■ Description of the task:
Somewhere below is a line with "Casio EX-N50 Digital Camera User Manual" and, later, a line with "OPC Pop Up Tour"; repeat those two lines and all the lines between them, exactly as they are.

■ Input records:
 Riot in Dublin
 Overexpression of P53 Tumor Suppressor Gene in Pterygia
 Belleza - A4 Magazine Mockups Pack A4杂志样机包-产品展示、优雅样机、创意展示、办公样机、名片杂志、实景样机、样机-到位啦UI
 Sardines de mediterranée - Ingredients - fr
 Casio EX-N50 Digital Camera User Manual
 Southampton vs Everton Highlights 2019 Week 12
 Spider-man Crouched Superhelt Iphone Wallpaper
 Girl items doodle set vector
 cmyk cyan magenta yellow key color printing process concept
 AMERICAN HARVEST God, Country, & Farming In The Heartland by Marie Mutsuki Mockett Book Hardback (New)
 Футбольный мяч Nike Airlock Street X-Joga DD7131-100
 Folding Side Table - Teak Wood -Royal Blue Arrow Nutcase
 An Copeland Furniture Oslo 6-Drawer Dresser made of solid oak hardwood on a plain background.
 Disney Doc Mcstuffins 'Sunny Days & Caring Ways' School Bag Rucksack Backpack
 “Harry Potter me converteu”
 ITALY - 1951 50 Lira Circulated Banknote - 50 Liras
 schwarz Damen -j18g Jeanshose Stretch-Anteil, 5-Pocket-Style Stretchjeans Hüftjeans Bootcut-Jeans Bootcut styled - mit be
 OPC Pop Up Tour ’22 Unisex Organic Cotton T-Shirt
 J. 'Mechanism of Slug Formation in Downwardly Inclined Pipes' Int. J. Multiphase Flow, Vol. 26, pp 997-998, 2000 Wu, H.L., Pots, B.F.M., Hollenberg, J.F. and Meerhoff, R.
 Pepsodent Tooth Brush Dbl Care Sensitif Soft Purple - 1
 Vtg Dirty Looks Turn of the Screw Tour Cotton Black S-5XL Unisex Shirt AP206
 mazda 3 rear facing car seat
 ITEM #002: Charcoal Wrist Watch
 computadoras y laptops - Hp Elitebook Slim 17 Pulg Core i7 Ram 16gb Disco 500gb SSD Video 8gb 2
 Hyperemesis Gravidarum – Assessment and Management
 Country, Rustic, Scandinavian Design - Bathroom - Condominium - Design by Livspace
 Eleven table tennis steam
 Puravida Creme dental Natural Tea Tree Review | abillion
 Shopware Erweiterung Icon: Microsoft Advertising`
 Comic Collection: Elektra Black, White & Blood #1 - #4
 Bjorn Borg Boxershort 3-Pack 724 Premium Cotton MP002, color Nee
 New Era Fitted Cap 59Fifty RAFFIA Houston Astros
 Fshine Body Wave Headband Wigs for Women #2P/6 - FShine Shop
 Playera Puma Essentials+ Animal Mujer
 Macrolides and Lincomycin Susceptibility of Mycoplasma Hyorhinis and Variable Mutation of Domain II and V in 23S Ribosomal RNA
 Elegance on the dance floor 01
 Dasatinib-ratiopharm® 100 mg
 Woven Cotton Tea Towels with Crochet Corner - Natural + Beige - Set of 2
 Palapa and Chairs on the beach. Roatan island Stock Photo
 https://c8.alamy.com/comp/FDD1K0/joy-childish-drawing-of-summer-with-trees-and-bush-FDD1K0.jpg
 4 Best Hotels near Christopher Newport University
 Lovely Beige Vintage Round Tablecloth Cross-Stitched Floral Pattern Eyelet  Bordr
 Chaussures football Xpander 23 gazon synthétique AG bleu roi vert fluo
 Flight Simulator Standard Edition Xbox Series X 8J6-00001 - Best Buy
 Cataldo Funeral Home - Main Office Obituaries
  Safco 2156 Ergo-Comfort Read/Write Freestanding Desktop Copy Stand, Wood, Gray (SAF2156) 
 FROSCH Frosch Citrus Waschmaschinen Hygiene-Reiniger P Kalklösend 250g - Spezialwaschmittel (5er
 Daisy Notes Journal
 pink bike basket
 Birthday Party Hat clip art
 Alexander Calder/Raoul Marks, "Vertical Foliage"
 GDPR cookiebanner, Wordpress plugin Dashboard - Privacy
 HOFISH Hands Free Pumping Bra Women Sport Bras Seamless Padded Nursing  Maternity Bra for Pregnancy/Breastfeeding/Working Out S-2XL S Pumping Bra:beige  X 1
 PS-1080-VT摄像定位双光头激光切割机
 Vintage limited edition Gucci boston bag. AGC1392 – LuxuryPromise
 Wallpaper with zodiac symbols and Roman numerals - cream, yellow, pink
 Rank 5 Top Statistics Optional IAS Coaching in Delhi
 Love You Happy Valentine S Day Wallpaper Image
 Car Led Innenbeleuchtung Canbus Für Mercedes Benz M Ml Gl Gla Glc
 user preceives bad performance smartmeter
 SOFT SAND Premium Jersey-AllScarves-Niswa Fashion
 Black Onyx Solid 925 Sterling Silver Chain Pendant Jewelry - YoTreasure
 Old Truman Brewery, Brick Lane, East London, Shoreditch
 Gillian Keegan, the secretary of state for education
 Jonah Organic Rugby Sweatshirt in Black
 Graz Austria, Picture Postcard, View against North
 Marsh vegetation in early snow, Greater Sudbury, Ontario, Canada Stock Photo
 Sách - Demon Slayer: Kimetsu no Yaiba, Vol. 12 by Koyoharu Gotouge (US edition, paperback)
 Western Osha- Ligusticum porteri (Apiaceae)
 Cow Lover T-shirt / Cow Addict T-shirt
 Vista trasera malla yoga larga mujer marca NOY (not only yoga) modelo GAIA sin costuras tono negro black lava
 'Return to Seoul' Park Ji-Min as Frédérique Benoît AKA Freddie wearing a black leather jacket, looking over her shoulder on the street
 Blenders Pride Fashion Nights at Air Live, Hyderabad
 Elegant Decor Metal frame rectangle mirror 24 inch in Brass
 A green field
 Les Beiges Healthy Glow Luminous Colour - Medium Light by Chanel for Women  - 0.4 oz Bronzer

■ Answer area:
 Casio EX-N50 Digital Camera User Manual
 Southampton vs Everton Highlights 2019 Week 12
 Spider-man Crouched Superhelt Iphone Wallpaper
 Girl items doodle set vector
 cmyk cyan magenta yellow key color printing process concept
 AMERICAN HARVEST God, Country, & Farming In The Heartland by Marie Mutsuki Mockett Book Hardback (New)
 Футбольный мяч Nike Airlock Street X-Joga DD7131-100
 Folding Side Table - Teak Wood -Royal Blue Arrow Nutcase
 An Copeland Furniture Oslo 6-Drawer Dresser made of solid oak hardwood on a plain background.
 Disney Doc Mcstuffins 'Sunny Days & Caring Ways' School Bag Rucksack Backpack
 “Harry Potter me converteu”
 ITALY - 1951 50 Lira Circulated Banknote - 50 Liras
 schwarz Damen -j18g Jeanshose Stretch-Anteil, 5-Pocket-Style Stretchjeans Hüftjeans Bootcut-Jeans Bootcut styled - mit be
 OPC Pop Up Tour ’22 Unisex Organic Cotton T-Shirt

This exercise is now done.